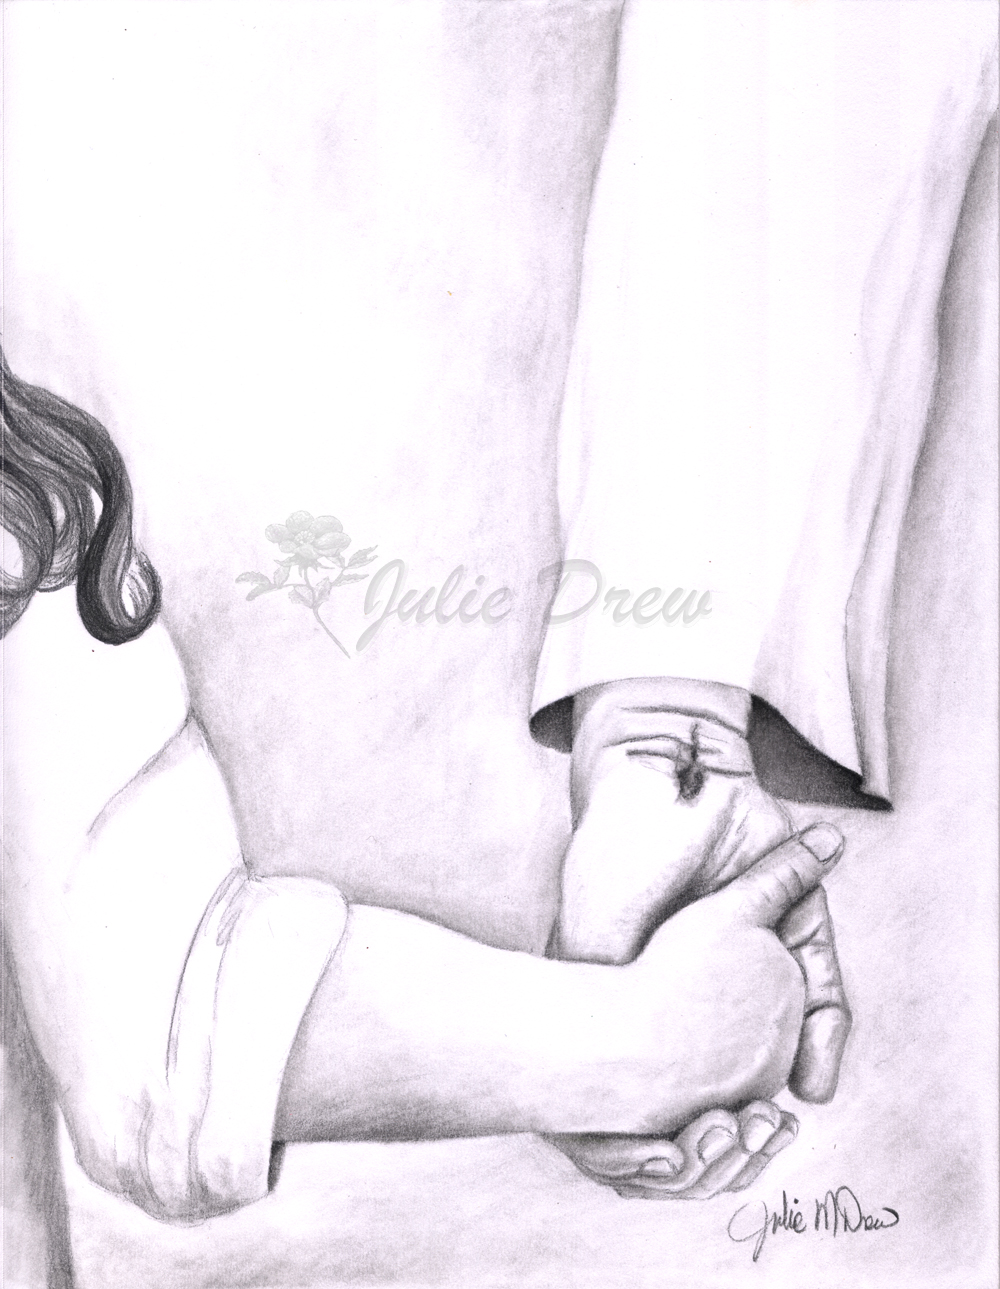 Child's hand holding Jesus hand, pencil, 12 x 9 in, artist Julie Drew
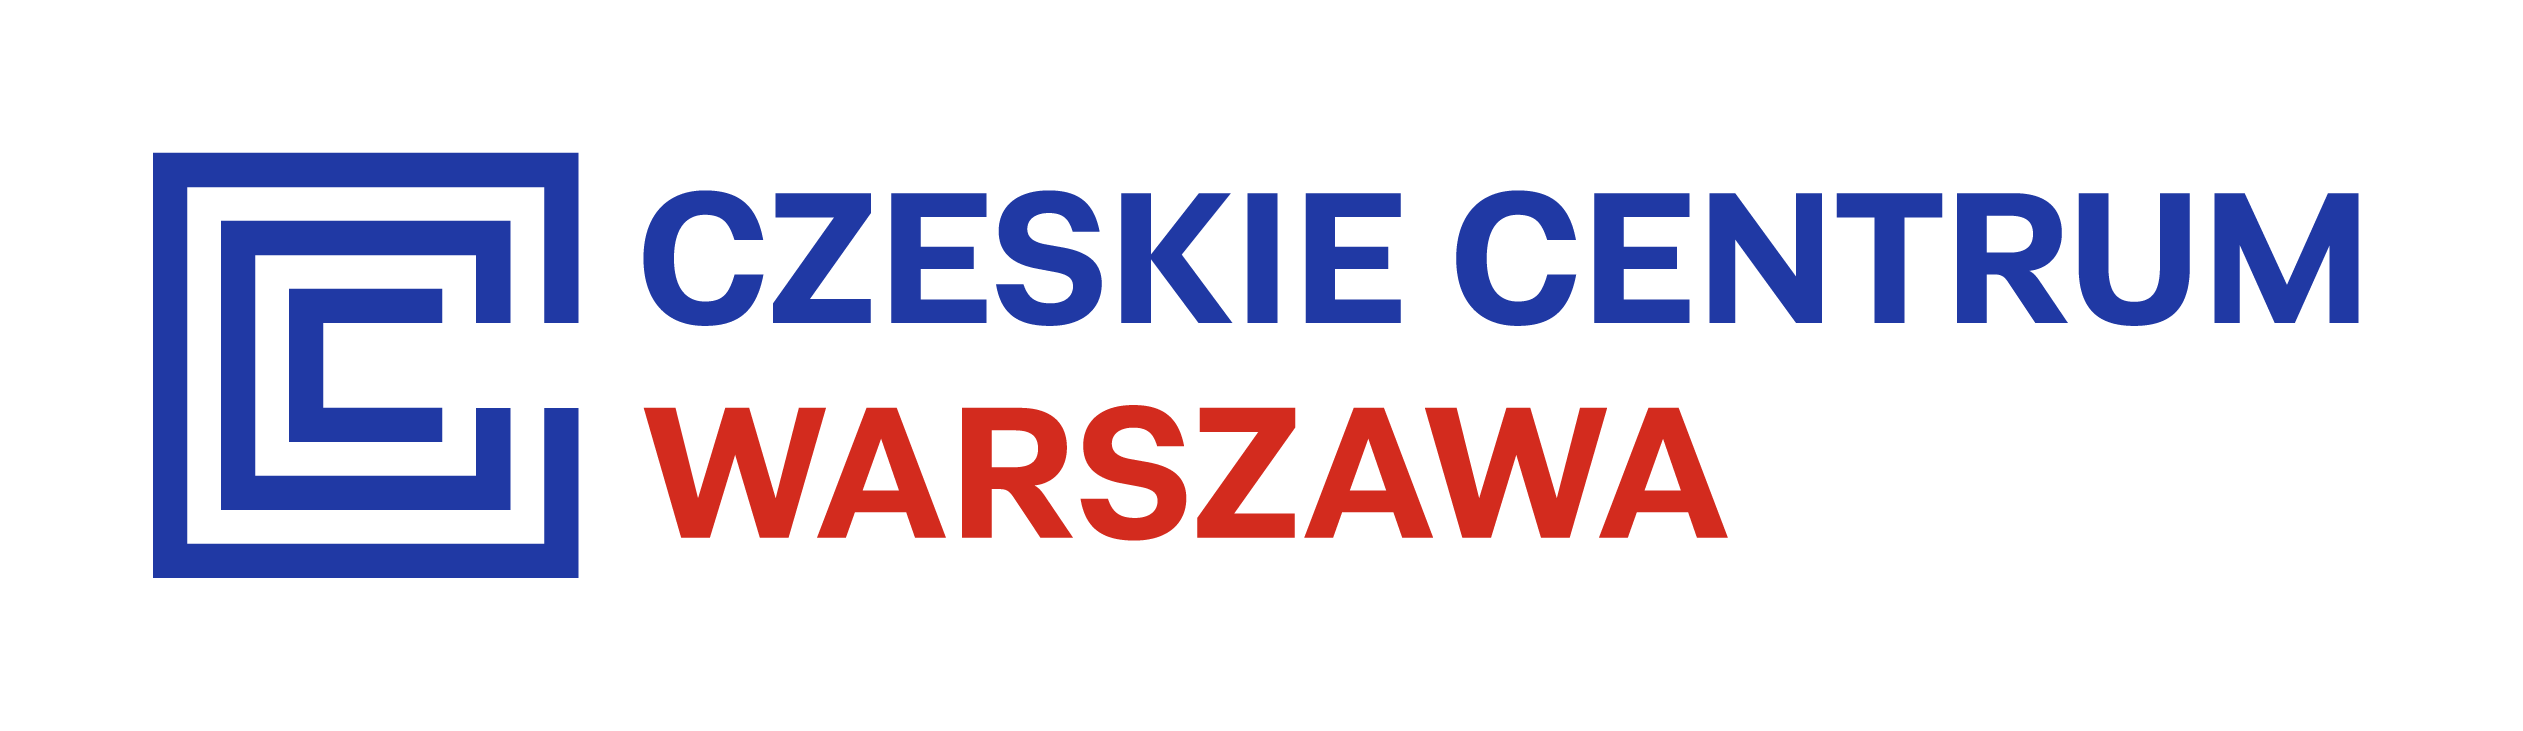 CzeskieCentrum
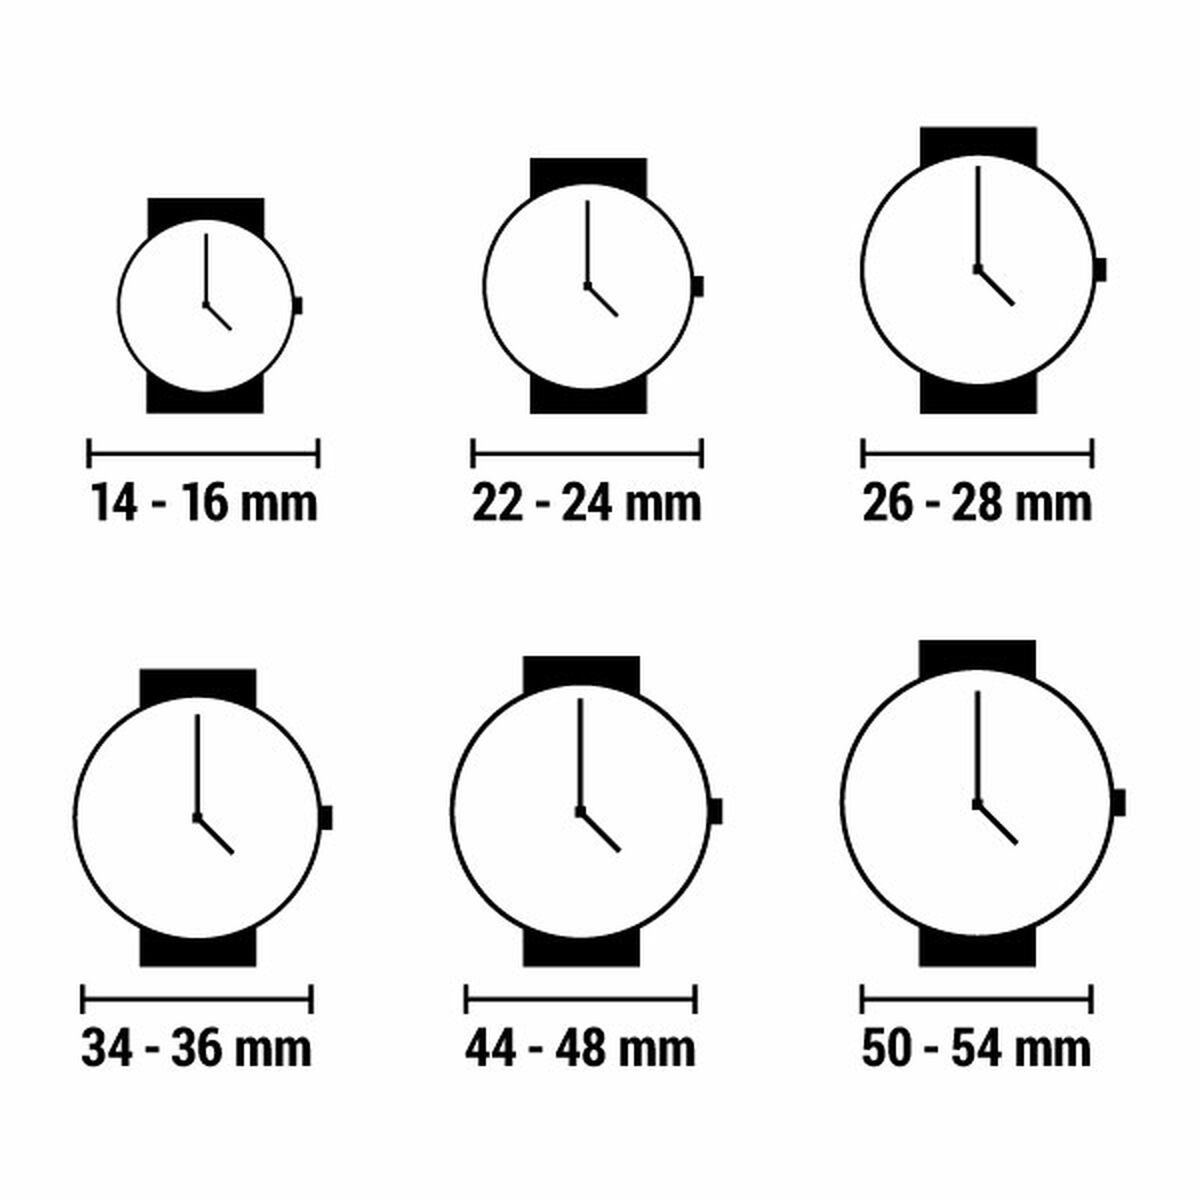 Horloge Dames Lorus RG204TX5

» WORK ORDER:
Every line of the material must be reproduced verbatim; the pictures are to be omitted.

» SOLUTION TO THIS EXERCISE:
 Child's hand holding Jesus hand, pencil, 12 x 9 in, artist Julie Drew
 CzeskieCentrum
 Horloge Dames Lorus RG204TX5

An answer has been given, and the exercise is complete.